Step 2. Upon arrival, add 15 portions of dehydrated sweet and sour pork that contravene Islamic Law and combine with an unnecessarily officious customs man to make a huge complicated mixture of curried nonsense and bureaucracy.
Step 3. Ferment this cocktail for 5 days, whilst fiercely heating one of the climbers until he is ready to explode. Enlist the help of the Post Master General of Pakistan and add several half-baked import regulations to thicken the plot. Finally, remove all logic and common sense, as they have no place in this dish.
Step 4. Cover the whole sorry mess in a blanket of rancid pollution and simmer at 40 degrees in the shade for an indeterminate period of time, until all four climbers are completely browned off, then serve on a bed of red tape.
It wasn't all bad news though - Adam Thomas reports (in a vaguely sensible fashion for once)…
In July and August of 2000 a team of four funded by the Mount Everest Foundation and the British Mountaineering Council visited the little explored Hindu Raj in North West Pakistan. Adam Thomas, Phil Amos and Simon Woods from the UK and Jock Jeffery from New Zealand departed on 3 July from Chitral to the road head at Zhupo. From there it was just a day's walk in to the Matkesh/Ochiri valley.
Base camp was set up at 3530m at the convergence of the two valleys and a short period of acclimatisation and reconnaissance followed. It soon transpired that the most feasible option was up the Ochiri glacier, the Matkesh being deemed unsuitable due to objective dangers on the final approaches to the mountains. All four climbers reached an advanced base at 4300m at the head of the Ochiri glacier on 10 July. From here the route seemed quite straightforward to a peak that was estimated to be about 6000m.

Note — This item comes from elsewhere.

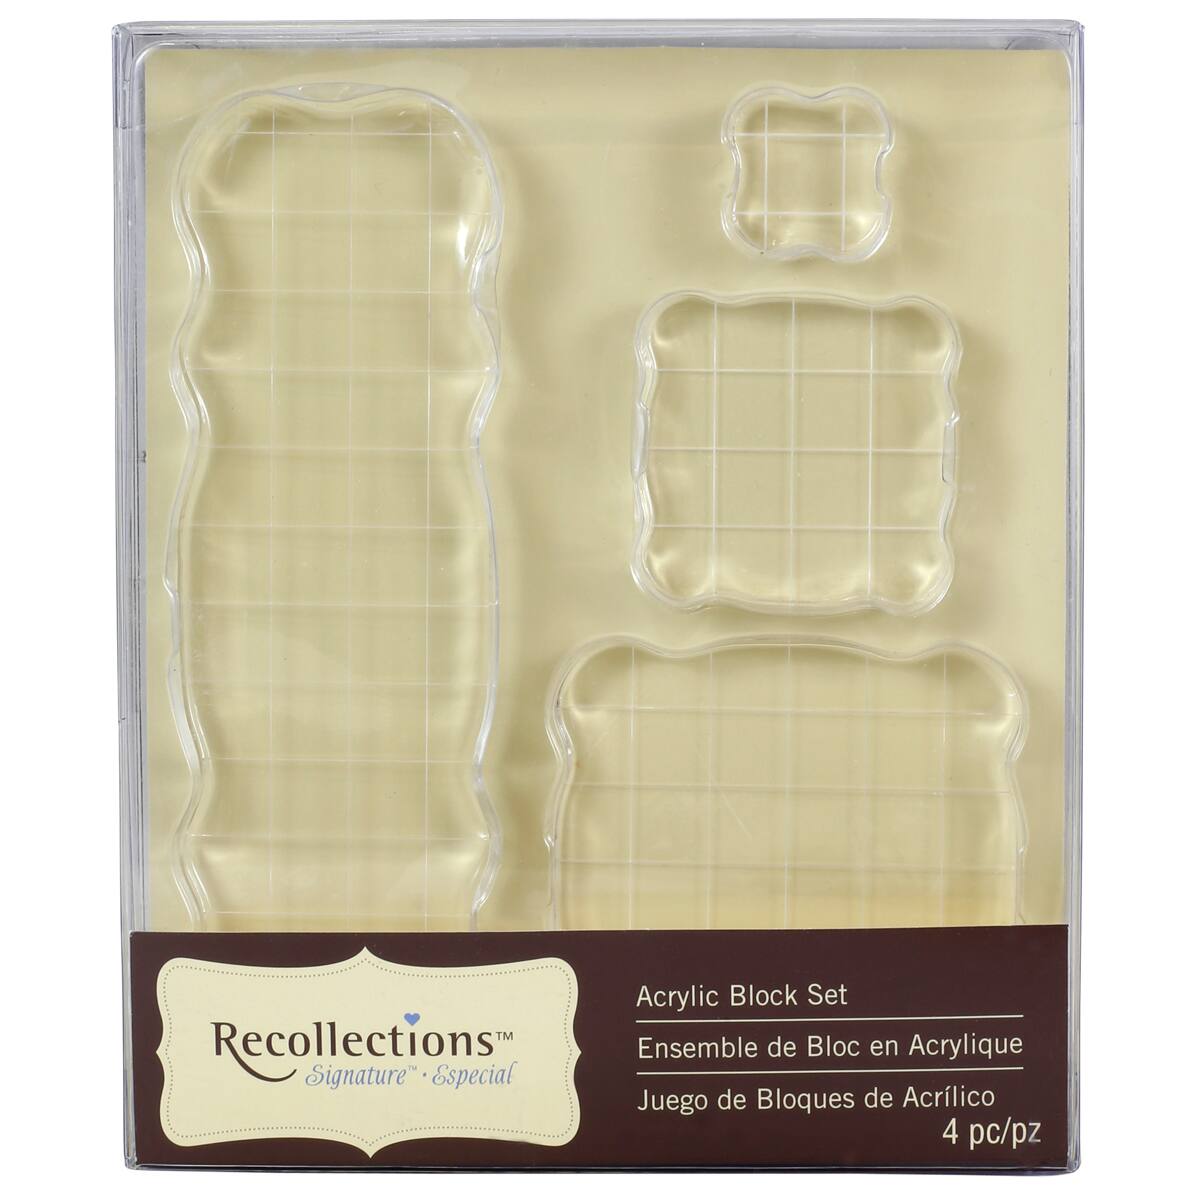 Recollections™ Stamp Cleaner

The following day a route was found up the upper glacier to Camp 1 at 4800m, but the weather began to deteriorate at this stage. The continuation of the route was up the same glacier and Camp 2 was sited at 5300m in a large bergshrund. The weather worsened and all four were forced to descend to base camp to sit out the poor weather.

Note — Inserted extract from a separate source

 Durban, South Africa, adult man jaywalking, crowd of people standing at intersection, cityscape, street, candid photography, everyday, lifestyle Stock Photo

Another attempt was stopped at Camp 2 due to the return of storms and the subsequent wait in base camp lasted over a week, during which time there was widespread flooding in the valleys.
On 27 July the team climbed to advanced base once more with the promise of good weather. They progressed smoothly up to Camp 2 in two days and were ready for a summit attempt. On 30 July they set out at 1am up the final steep headwall. Relatively straightforward snow and ice led to a small rock band with Woods and Jeffery electing to traverse left around it and Thomas and Amos climbing straight through. Amos dislodged a large boulder, which struck Thomas on the shoulder, luckily not inflicting too much damage. This brought them out onto the summit ridge. The ridge saw them progress quite easily to the summit, which they reached at 8am. Descent was by the same route and they reached base camp the following day.
This was almost certainly the first ascent of the mountain shown on the maps as 5995m (our GPS broadly confirmed this with a reading of 6010m). The team named it Uddin Zom after the goatherd with whom they shared base camp.
Woods and Jeffery then departed to join another expedition, while Thomas and Amos returned to the Ochiri glacier for further reconnaissance. They identified a good objective, but with the injury to Thomas' shoulder and the prospect of a tricky descent they decided to attempt an alternative route near to Uddin Zom. Unfortunately this was thwarted by poor weather and with the deadline for their return looming, they cut the trip short by two days.
It was felt there would be some scope for further exploration of the valley and also the surrounding area. All mountains are in the 5900 - 6000m region and so are perfect for small, self-funding groups. There is still plenty to explore and many unclimbed mountains left in the Hindu Raj.